I've been told on two occasions that the absence of the MEDIUMINT datatype is a serious shortcoming of SQL Server. If you're not familiar with MEDIUMINT, it's an integer type available in MySQL that consumes 3 Bytes and is capable of storing values ranging from -8,388,608 to 8,388,607 (signed) or from 0 to 15,777,215 (unsigned).

While SQL Server has many datatypes, it has nothing that exactly matches MEDIUMINT. In SQL Server, if you wanted to store a value between 32,768 and 2,147,483,647 you would need to use the INT datatype, each of which takes up 4 Bytes. The next smallest integer datatype is SMALLINT, which has a maximum value of 32,767 and only needs 2 Bytes. I'm not sure the lack of a MEDIUMINT datatype is really a shortcoming, but if you find yourself in a situation where it's necessary to store a significant number of values in the 3 Byte range, I'm going to let you in on a little secret: SQL Server does have 3 Byte integers, they're just lurking behind the scenes.

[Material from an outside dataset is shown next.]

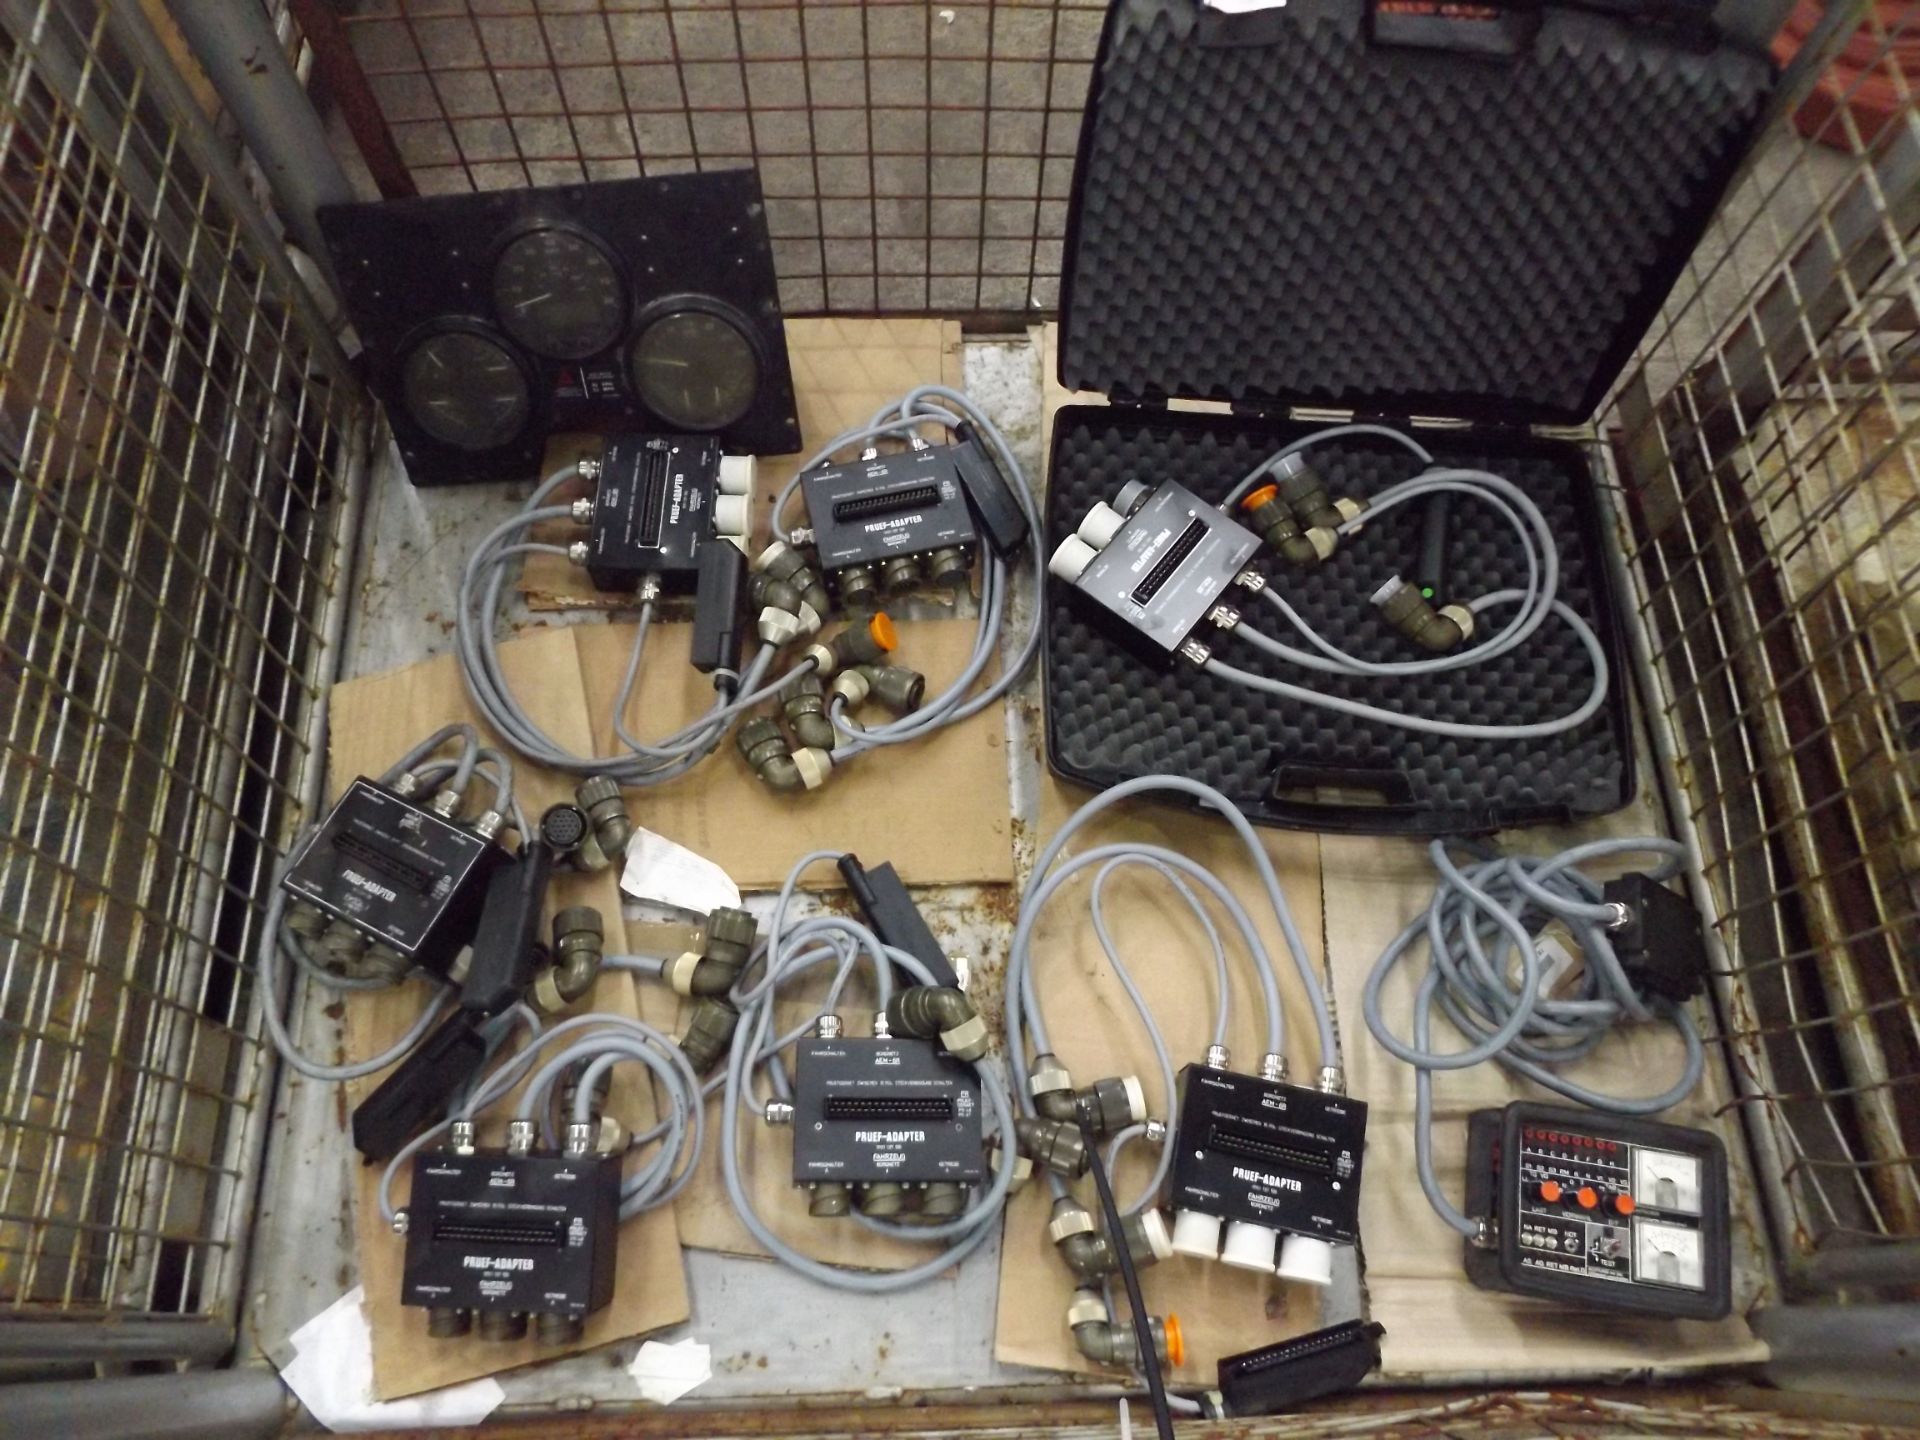 Mixed Stillage of Test Set, Test Adaptors and Instrument Panel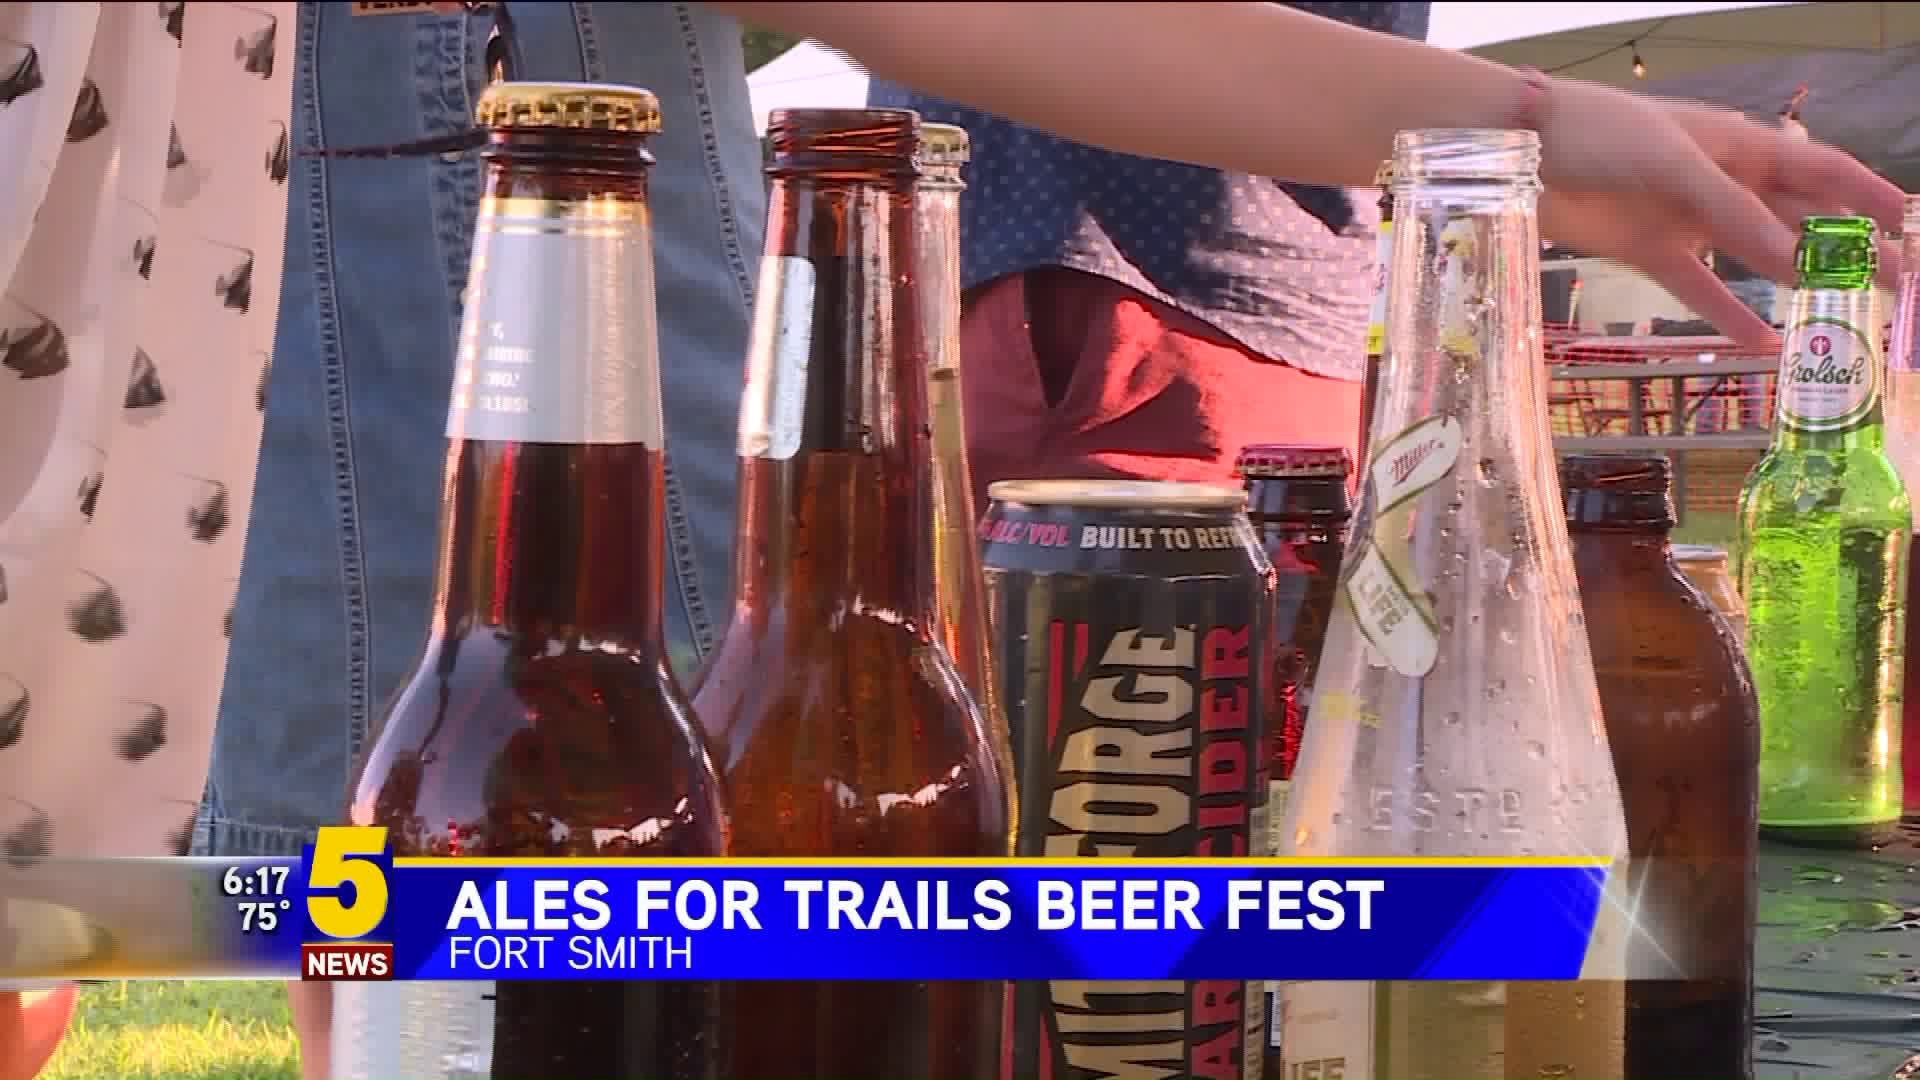 Ales For Trails Beer Fest

While being able to choose a 3 Byte integer may have some value, not having to choose it and reaping the benefits as if you did has even more value. Row Compression can do just that. SQL Server's integer types (TINYINT, SMALLINT, INT, and BIGINT) are fixed-width, meaning they all consume the same amount of storage space whether or not the value they are storing warrants it. For instance, if a column (perhaps a foreign key reference) is only storing the values 1 through 5, only one Byte is necessary to store those values. TINYINT would be the most appropriate in this case, as it only stores a single Byte. Were that column defined as an INT, it would consume 4 Bytes, three of which would not be necessary. Enabling Row Compression changes all this, because it can free up space that's not necessary for storing a value in a particular row.

Row compression lets the storage engine vary the storage format of fixed-width types, effectively treating them as if they were variable-width. This means that if an integer column has a row storing the value 5, only one Byte will be used. Similarly if the next row stores the value 500, only two Bytes are necessary for that row. But what if an application is storing the value 40,000? The SMALLINT data type (2 bytes) can only store values up to 32,767, so a third Byte would be necessary to get to 40,000. Can SQL Server store an integer as 3 Bytes internally, or can it only go up to 4 Bytes since the next largest datatype available to users is INT? Fortunately, we can experiment and find out.

To begin, let's create a database

1CREATE DATABASE [RowCompressionTest];
2GO
3USE [RowCompressionTest]
4GO

and add a table

1CREATE TABLE dbo.NumberData (
2Value INT,
3CONSTRAINT PK_NumberData PRIMARY KEY (Value)
4);

and populate it with some values

1INSERT INTO dbo.NumberData (Value) VALUES (0), (5), (500), (5000), (40000);

Now let's look at how those values are stored. To view this information, trace flag 3604 must be enabled. This trace flag redirects some output values to the client so we can see them.

1DBCC TRACEON (3604);

From here, 2 undocumented and unsupported commands are needed to find what we're looking for. DBCC IND and DBCC PAGE are both completely safe and used internally by the SQL Server team at Microsoft, however please exercise caution should you decide to use them on a production system. Paul Randal has written great blog posts explaining both DBCC IND and DBCC PAGE in detail, so I won't duplicate the effort here.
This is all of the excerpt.